国中に末世的風潮が蔓延していたこの頃、ときの元老・大隈重信は、「国力の源は臣民の健康にある」との信念のもとに、大正元年、イリア・メチニコフの大著『不老長寿論』を大日本文明協会から出版した。

いわく、人間の老化は、腸の中の廃残食物の発酵や腐敗によって有害な菌が発生することか要因で、それを抑えるためには乳酸菌飲料を摂ることが重要である……。その主張は、腸内の善玉菌と悪玉菌のバランスを保つことによって免疫カを高め、老化を抑制する、という現代医学の見解と一致し、今日の乳酸菌ブームの最初の医学的根拠となる。

 この七年後に三島海雲という人物が量産化に成功したとある。いかにももっともらしく書いていある通り、当時のお方達は本気で取り組んだのだろう。が、この後の極東ブログのコメントが、いかにも自称「科学少年」ぽくて憎めないのさ。

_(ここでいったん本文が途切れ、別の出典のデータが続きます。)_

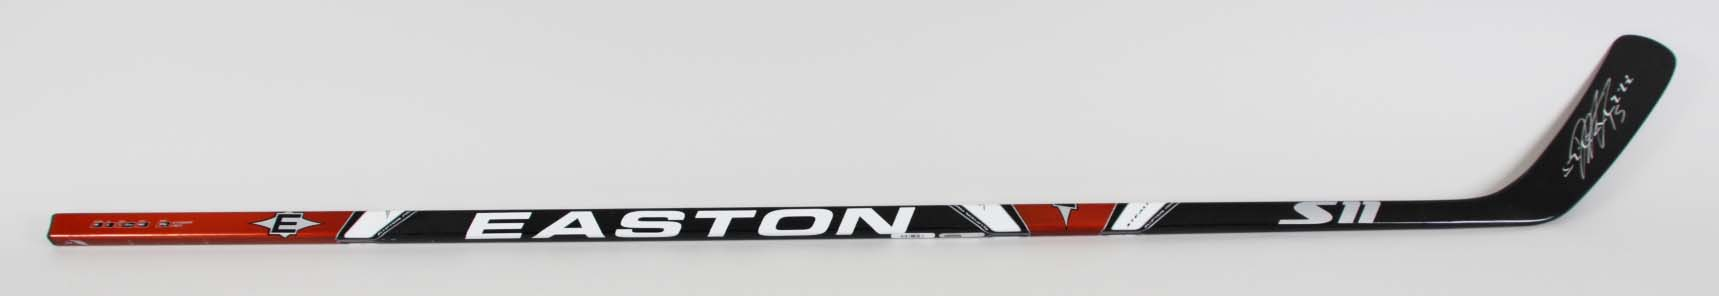 Dany Heatley Signed Hockey Stick Sharks - COA JSA
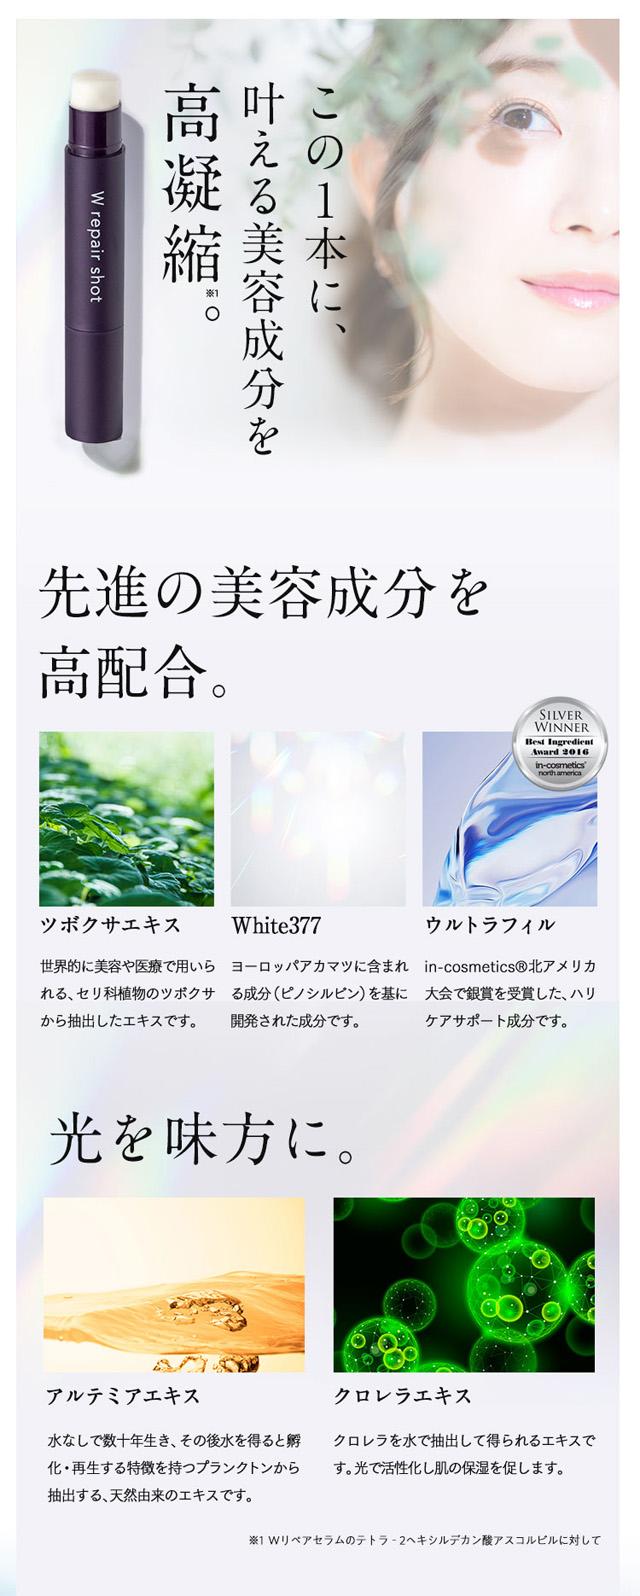 shimaboshi(シマボシ) Wリペアセラム,Wリペアショット,特徴,効果

 「不老長寿の実践的なテクノロジーを述べた快箸」の最後のところは「怪著」とすべきかもしれない。私はポーリングとメチニコフの晩年のトチ狂いに関心をもって精力的に調べたことがあった。この分野のメチニコフ学説は単純に否定されているだろう(だって菌が腸に届かないんだし)と思ったが、日本では面白いことにヤクルトなんかでもそうだけど、メチニコフ学説のカルチャーが胃酸にも耐えてしぶとく生きていてなかなか無下に否定もできない空気が漂っていて、とか思っているうちに同じく辺境というか北欧で生き延びたメチニコフ学説がプロパイオティクスとして息吹き返してきて、なんだかわけわかんないになってきた。それはさておき。
 この時代の乳酸菌飲料の興隆はいまひとつわからないのだが、軍隊が兵士のカルシウム摂取のために牛乳を採用しようとしたけどゲリゲリな試験結果じゃんという背景があったと推測している。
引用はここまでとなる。